Se aquele muito atacado por muitas paixões de alma e corpo permanecer pacientemente, não deixando que a negligência surpreenda sua livre vontade e o leve ao desespero, então será salvo. Similarmente, aquele que obteve o estado de desapego, liberdade do medo e luz do coração, rapidamente cai se não confessa a Deus continuamente e não julga ninguém. De fato, se ele se atreve a julgar alguém, ele torna evidente que ao adquirir sua fortuna, ele se baseou apenas em suas próprias forças, como afirma São Máximo. São João de Damaskos diz que se alguém ainda está sujeito às paixões, e ainda está privado da luz do conhecimento espiritual e não é orientado por ninguém, ele se encontra em grande perigo, e na mesma situação está a  pessoa recebeu o desapego e o conhecimento espiritual de Deus e não ajuda outras pessoas.
Não há nada mais benéfico aos fracos do que retirar-se em silêncio, ou ao homem sujeito às paixões e sem conhecimento espiritual do que a obediência combinada com o silêncio.
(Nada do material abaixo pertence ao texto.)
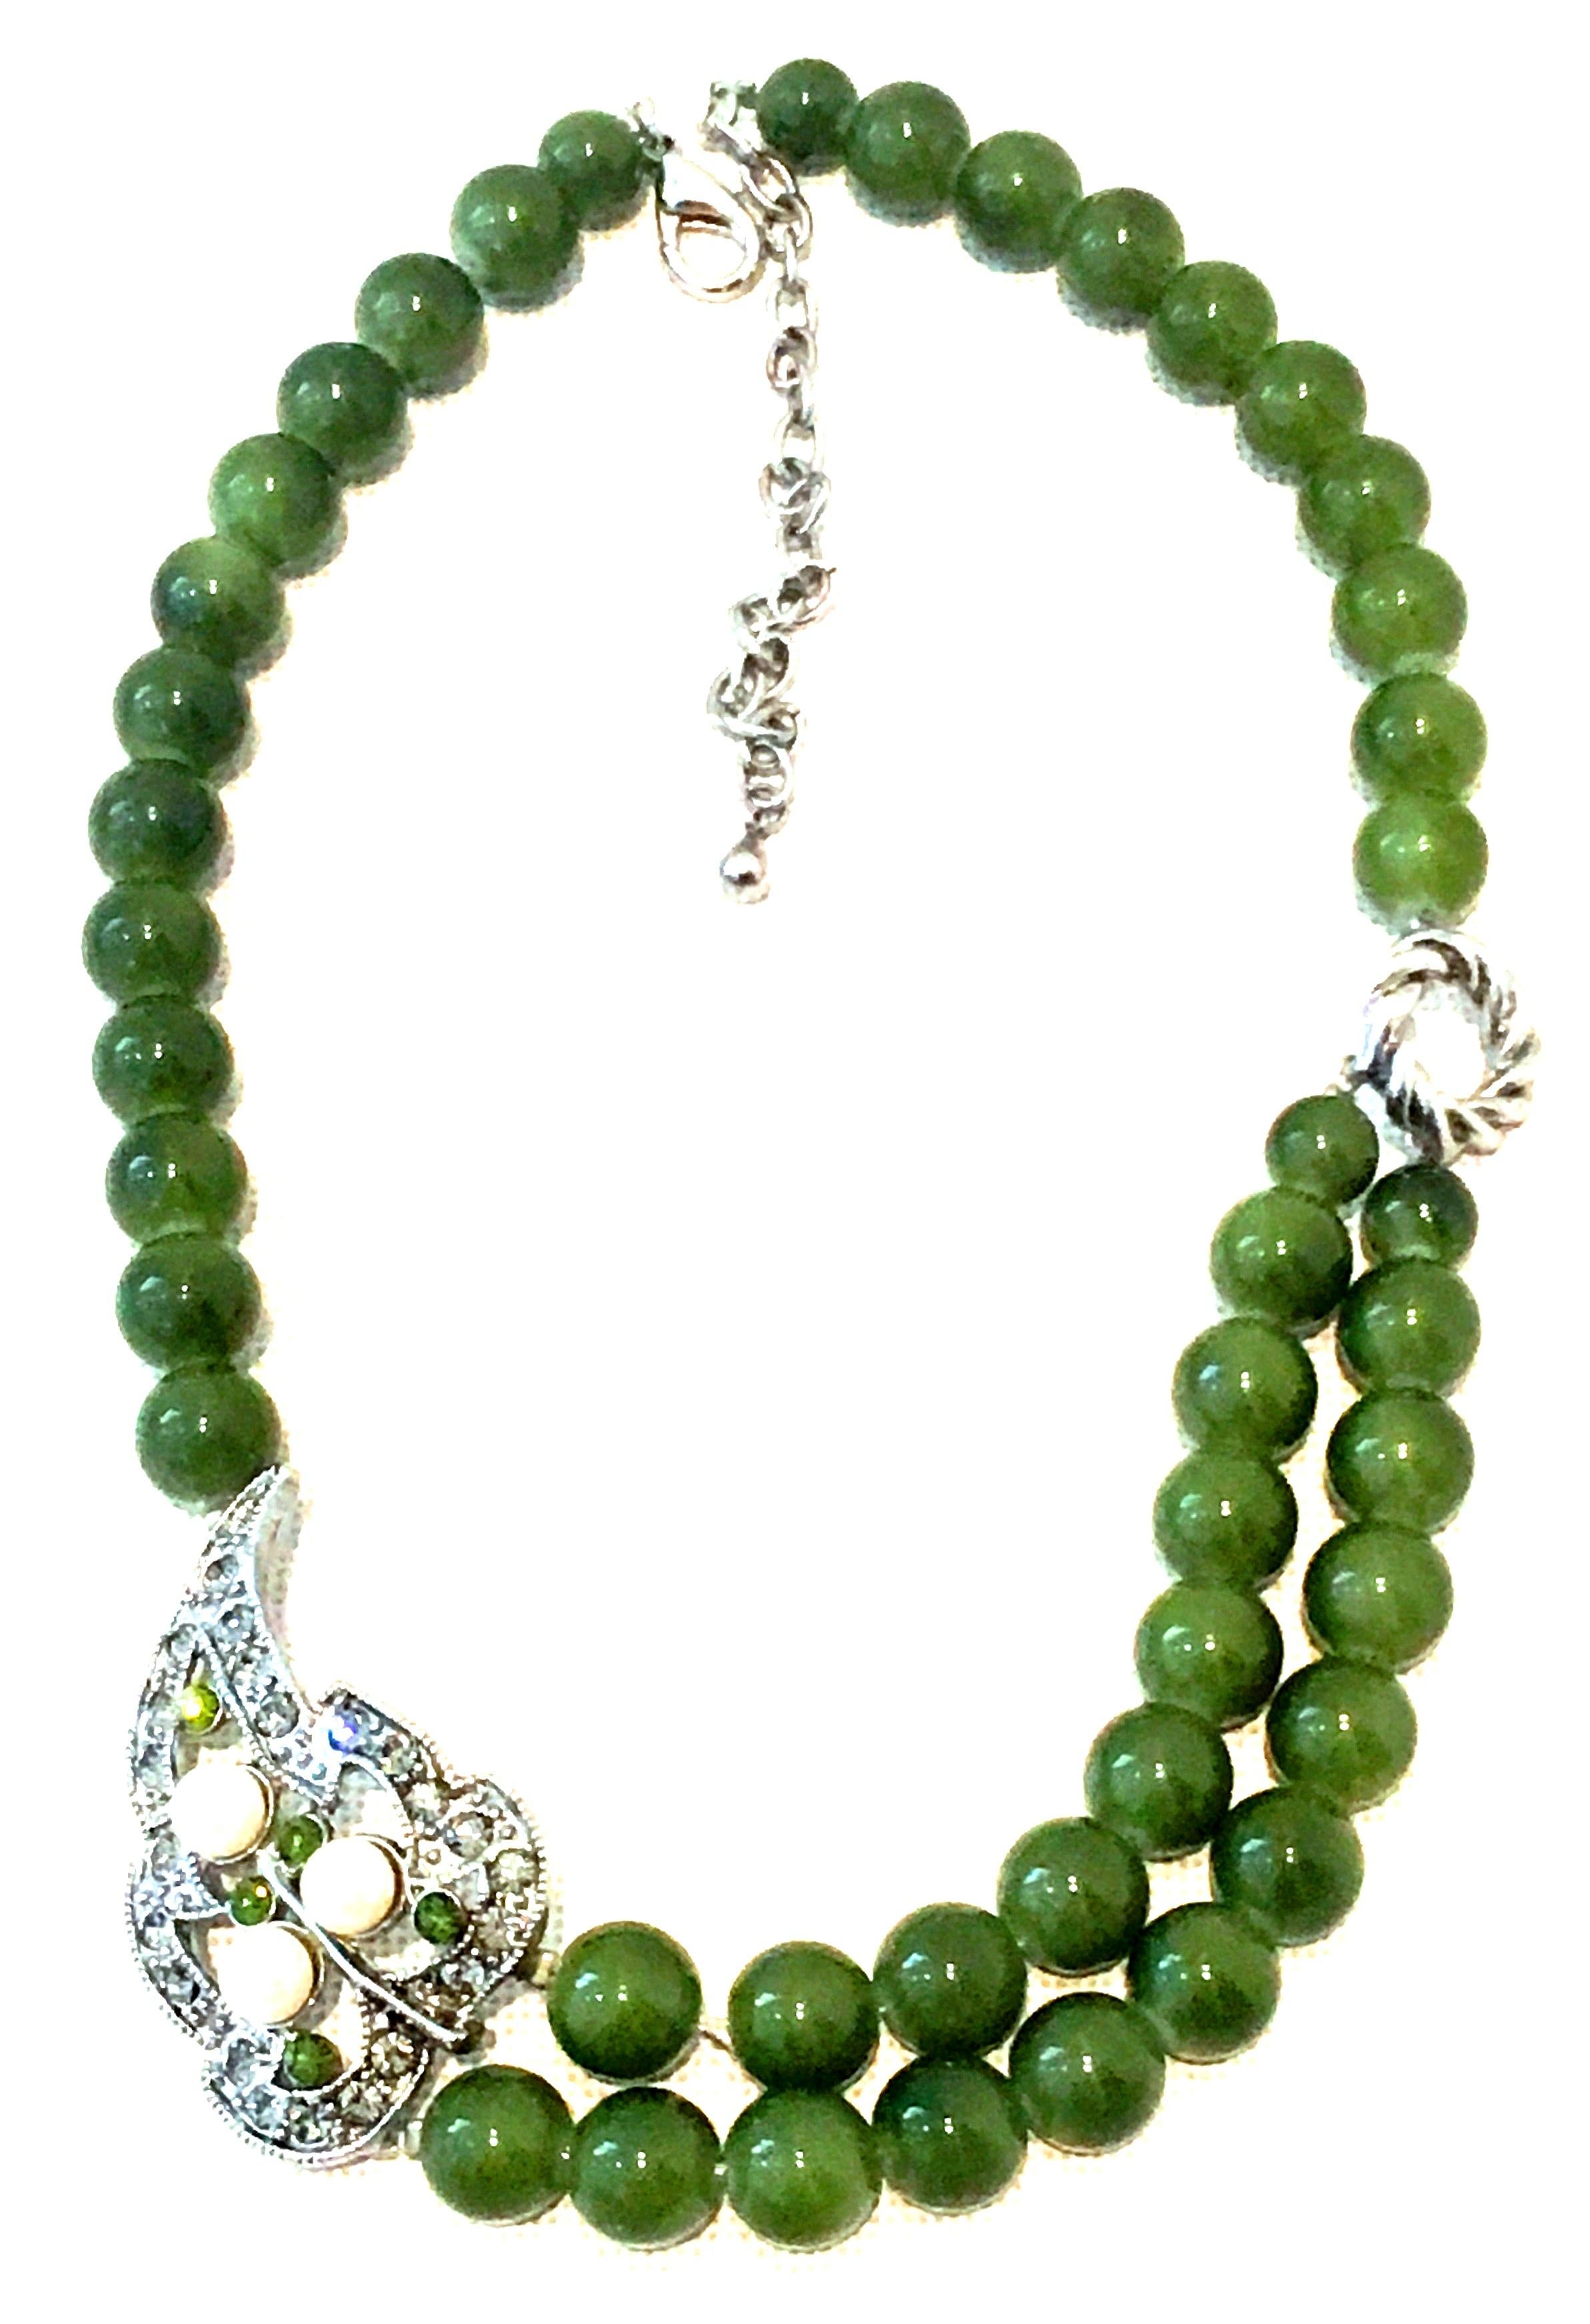 20th Century Silver, Austrian Crystal, Faux Pearl & Faux Jade Glass Bead Necklace. This choker style necklace features a central double strand of faux jade glass beads with an off center silver ornament. The ornament is curved with Austrian crystal

Nem há qualquer coisa de superior do que conhecer-se sua própria fraqueza e ignorância, nem qualquer coisa mais prejudicial do que não as reconhecê-las. Nenhuma paixão é tão detestável quanto o orgulho, nem tão ridícula quanto a avareza, "a raiz de todos os males" (1 Tim 6:10); pois aquele que encontrou uma mina de prata e resolve escondê-la novamente debaixo da terra, permanece sem qualquer progresso. Por esta razão o Senhor diz: "Não ajunteis tesouros na terra" (Mateus 6:19); e novamente; "Onde está o teu tesouro, ai estará também o teu coração" (Mateus 6:21). Pois o intelecto de um homem é atraído pelo desejo das coisas com as quais se ocupa, sejam estas coisas terrenas, ou passionais, ou celestiais ou bençãos eternas. Como São Basílio, o Grande diz, um hábito persistente adquire toda a força da natureza.
Uma pessoa fraca deve especialmente prestar atenção às inspirações de sua consciência, para que ela possa libertar a sua alma de toda condenação. Caso contrário ao final de sua vida ela pode se arrepender em vão e lamentar-se eternamente. A pessoa que não pode suportar por amor a Cristo a morte física, como fez Cristo, deveria pelo menos estar disposta a suportar a morte espiritual. Deste modo, ela será um mártir com respeito à sua própria consciência, e não permitirá que demônios a sujeitem e assaltem, nem aceitará suas sugestões, mas as vencerá, como os santos mártires e os santos padres. Os primeiros eram mártires corporalmente, os últimos mártires espirituais. Quem se esforça ligeiramente, destrói o inimigo; quem cai na negligência é preenchido com escuridão e é destruído.